Running a site that covers movies, television AND video games can be tough some times, and there’s a reason most places only pick one.
if you want to be a reputable critic or writer in a certain area, you need to educate yourself by being well informed about every area you cover. If you specialize in just one of those three, it’s pretty easy, but trying to do all of them?
I’ve been trying to watch a lot of “must see” movies and shows to better build my knowledge base. I’ve probably seen well over 2,000 movies, and have probably watched 200 seasons of various TV shows. It’s a lot, but I like to think that at this point, to some extent, I “know my shit.”
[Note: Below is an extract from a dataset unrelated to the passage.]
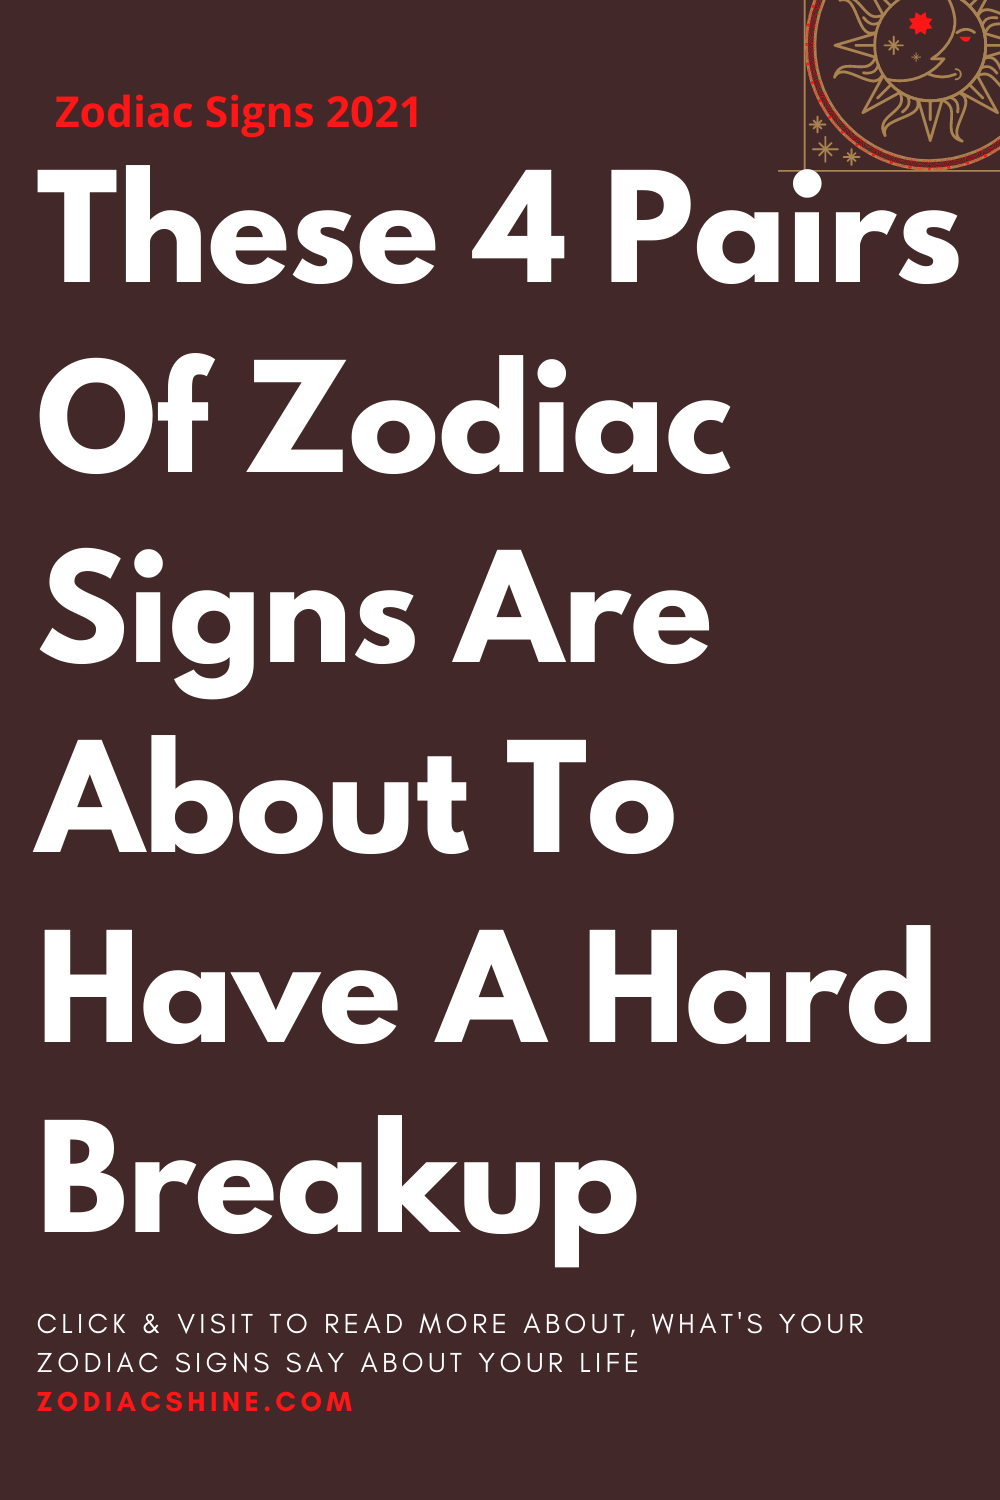 These 4 Pairs Of Zodiac Signs Are About To Have A Hard Breakup

Now I’m realizing that I’m a bit behind in the same sort of training for video games. I grew up playing them a lot, so naturally I’m an expert, yes? Well, if I wanted to write endless posts about NBA Jam and Streets of Rage and Pokemon, sure, but as I had responsible parents, I didn’t have time to play every relevant game out at the time, or I wasn’t allowed to experience some of the more violent ones.
No violence here! (at the moment)
Because of that, I’ve missed a lot of classic titles over the years, Deus Ex, Silent Hill, every Final Fantasy game, but there is one series that I felt I really should examine lest I never be taken seriously again: Half-Life.
More specifically, Half Life 2. I understand perhaps I should have started with the first installment, but an entire game is a much bigger time commitment than say, a movie, so I figured I should skip to the one everyone hails as the greatest FPS ever made.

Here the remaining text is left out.